TETRA, used to be called Trans-European Trunked Radio in the days before the standard was taken-up by the police, security and emergency services some 120 different countries around the world and became Terrestrial Trunked Radio.

TETRA employes TDMA technology with four user channels on one radio carrier and 25 kHz band guard protection between carriers. Both point-to-point and point-to-multipoint transfer is available as is digital data transmission but this comes at a minimal, very slow data rate of just 2KBit/s.

The new Motorola Soltions handset, which hits the market with the snappy designation of the MTP6750 rather than the more memorable "Percy Plod's Photo Phone" is the first device to exploit the capabilities of the TEDS (TETRA Enhanced Data Services).

This is a new standard capable of sending digital data ten time more quickly than is possible with the extant SSPD system. The new handset also come with audio and signal enhancement technology that increases device coverage by 14 per cent.

However, it seems unlikely that the police will use the the (somewhat faster) technology to send stills photos over the ether but will upload them to a computer system later on back at the station house.

The MTP6750 was unveiled at a Motorola Solutions event in London on Friday afternoon last and uses the company's Photograph and Intelligence Communications System (PICS) image management solution to help police to capture evidence on camera at the scene of a crime or other incident.

Motorola says that it's "research" shows that police officers do not want to carry yet another encumbering device on a belt or elsewhere on their already over-festooned and increasingly heavy and cumbersome uniforms (in the US ordinary police officers seem more like Robocop with every passing day and even in the rural UK they increasingly look more like unapproachable cyborgs than your now almost mythical friendly "bobby on the beat") and so the company came up with the astonishingly radical notion of tacking a five-megapixel camera on to the shoulder-mounted radio.

During that same research period it became evident that for the the public, the legal system and the courts are to have trust in the production of digital photographic evidence obtained via a TETRA handset and put forward in a prosecution, it will be necessary to ensure that such evidence could in any way have been tampered with or manipulated.

To obviate such a possibility or claims a series of meta-data will be linked to each image. This so-called "unique digital fingerprint" includes a time stamp; GPS location; the TETRA cell site ID; the radio ID; the user’s ID and to whom the user talking when the photograph was taken.

The photograph is transmitted to a police comms and computer network via an algorithm that creates a 256 character number. Motorola Solutions claims that if even just one pixel is tampered with the photograph will not correlate with its digital fingerprint and will thus provide irrefutable evidence to back up an law enforcement officer's report.

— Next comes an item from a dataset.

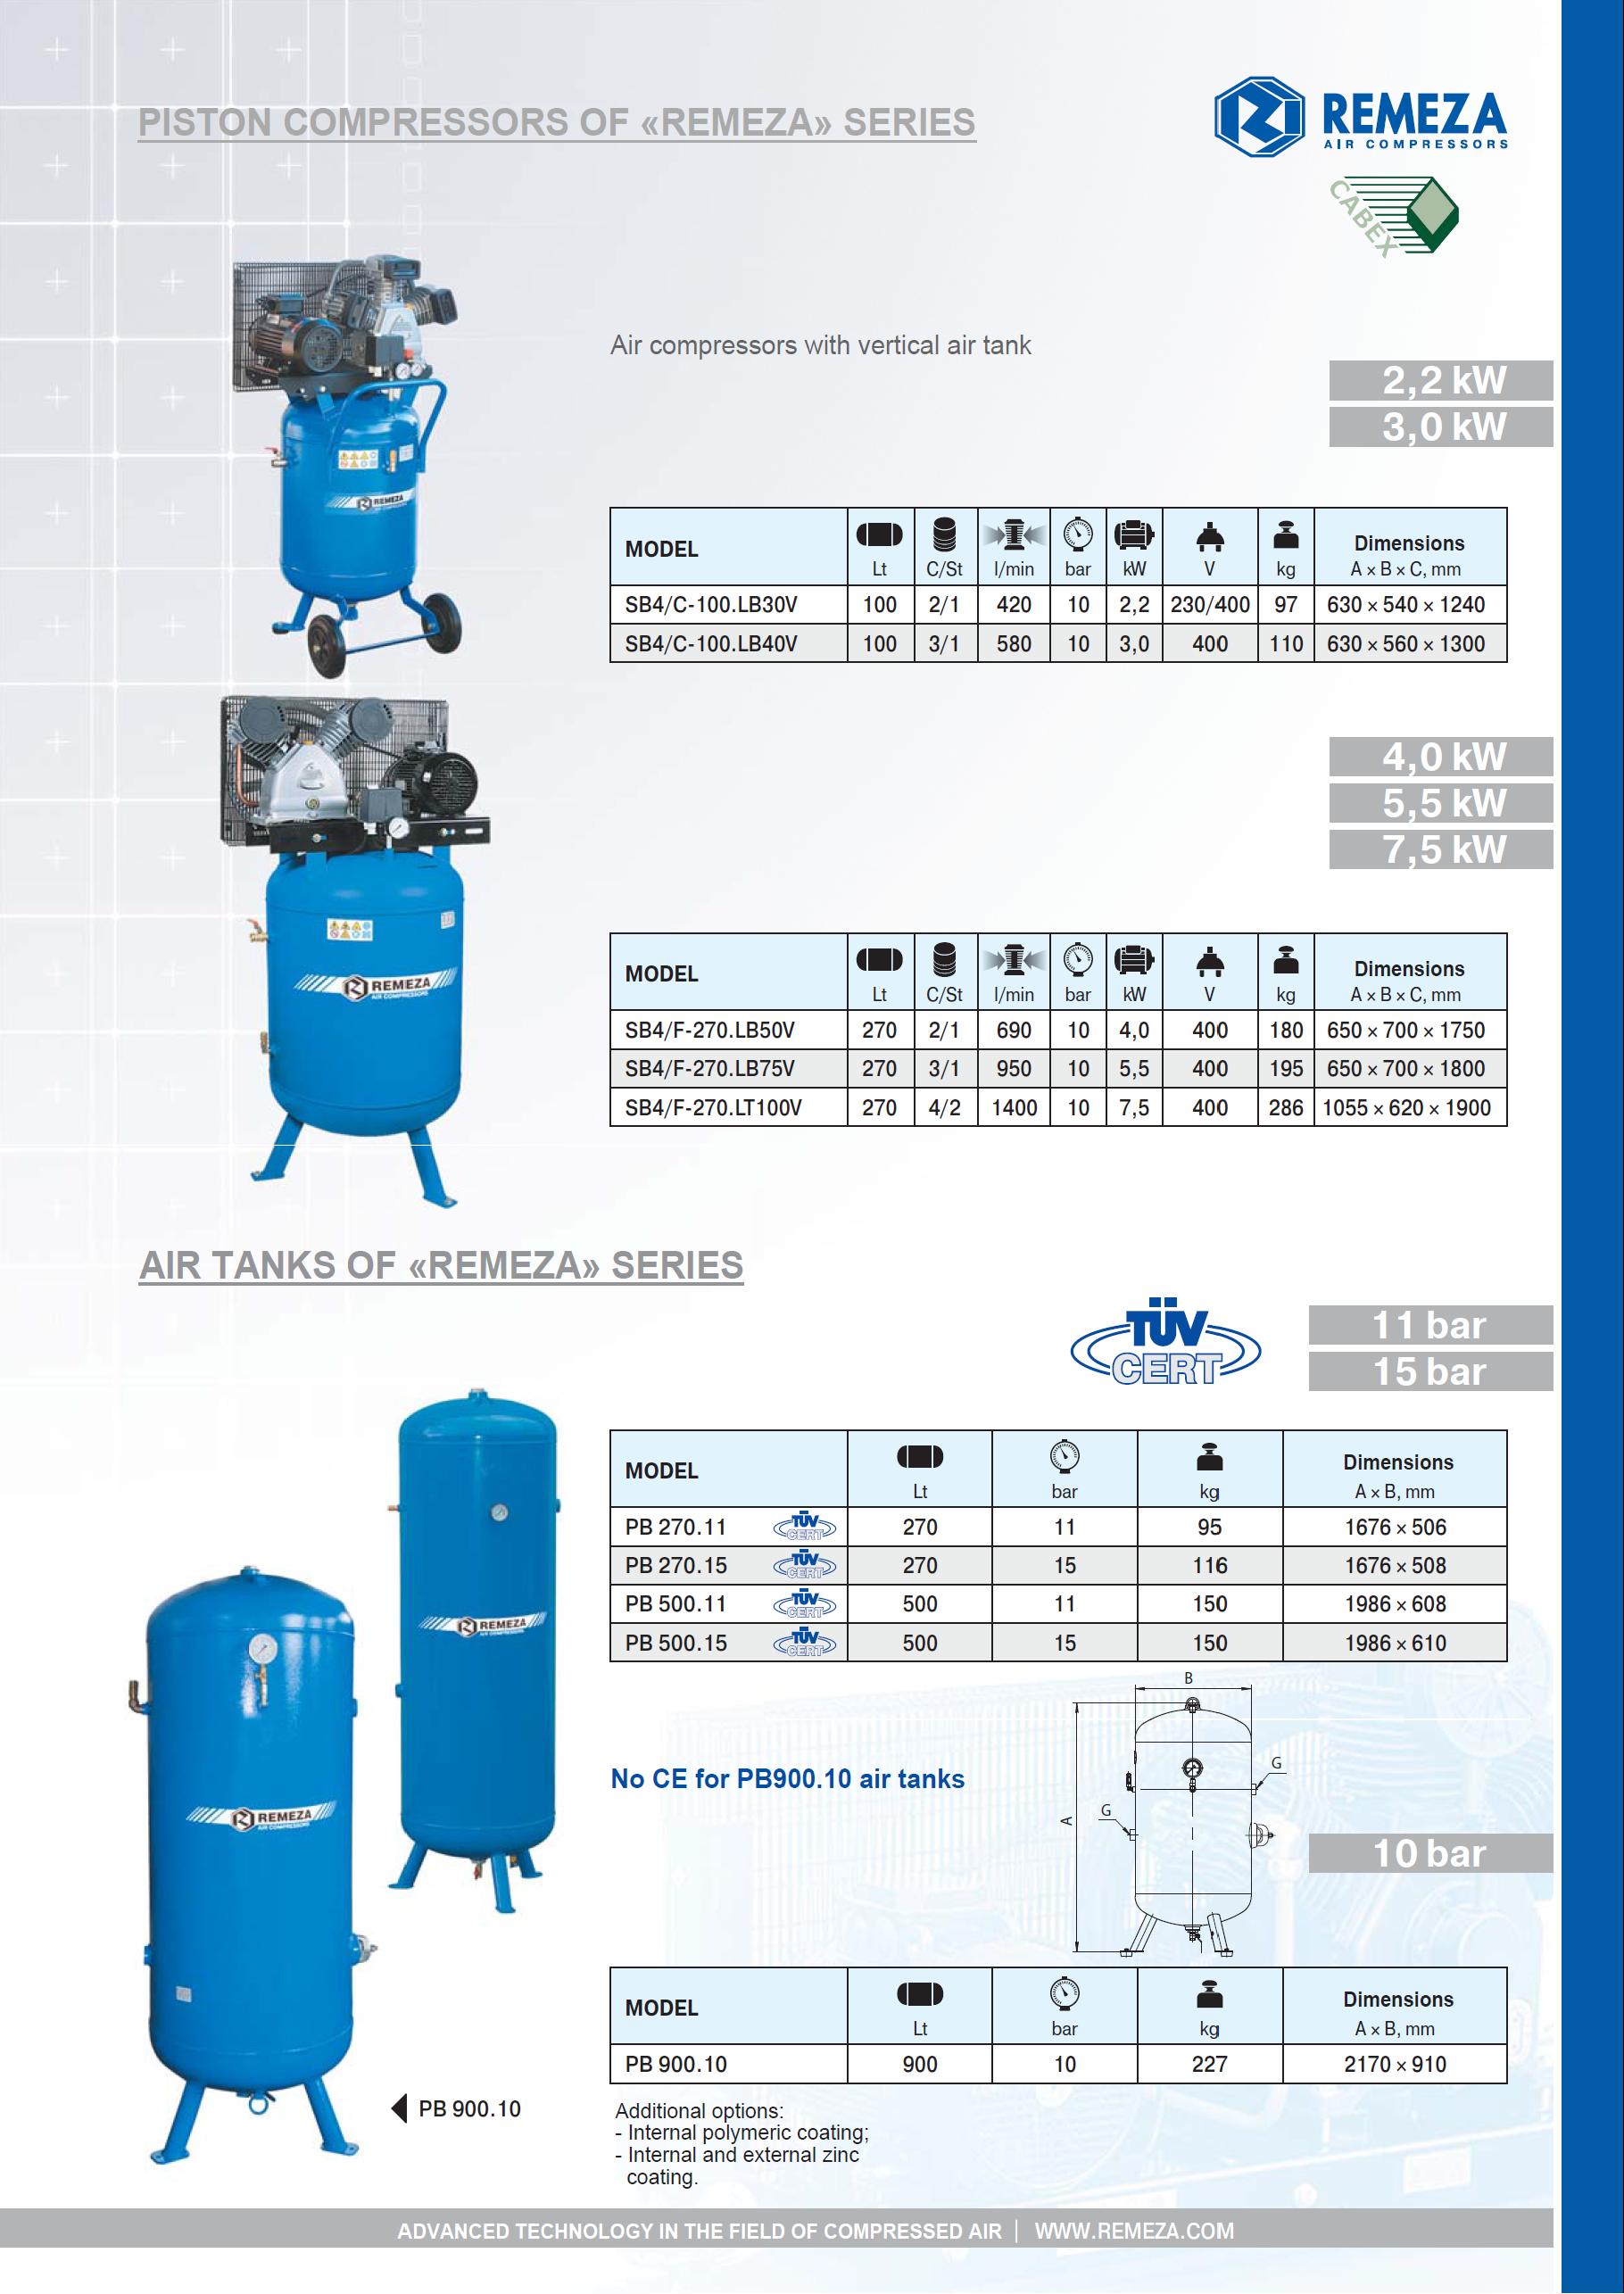 3_piston-compressors-remeza-series_pag_3

In the first instance, Motorola Solutions is focusing the new handset on police agencies but it is expected they will have equal utility for emergency such as fire brigades and ambulance deployments. Later on, even commercial organisations, such as insurance companies, may want to use the handsets to provide unimpeachable evidence of liability, compliance and so on.

As might be expected, in a time of austerity and with m national and municipal budgets stretched to breaking-point, another attraction to the bean counters is that Motorola Solutions claims that the new system will save money.

That said, Motorola is, as usual, maintaining radio silence on the cost of the new handsets to customers. Tom Quirke, VP and General Manager, Global TETRA Organisation at Motorola Solutions said that the new handsets and system is "competitively priced" but conspicuously provided no yardstick by which to measure the claim.

All he would say is, "We feel the solution we have is unique and that it offers a lot of value. We think it will pay for itself very quickly and that what it offers will help justify the cost of upgrading, as users will be able to show the return on their investment."

Mind you, much the same was said of the Sinclair C5. Want a laugh? Look it up.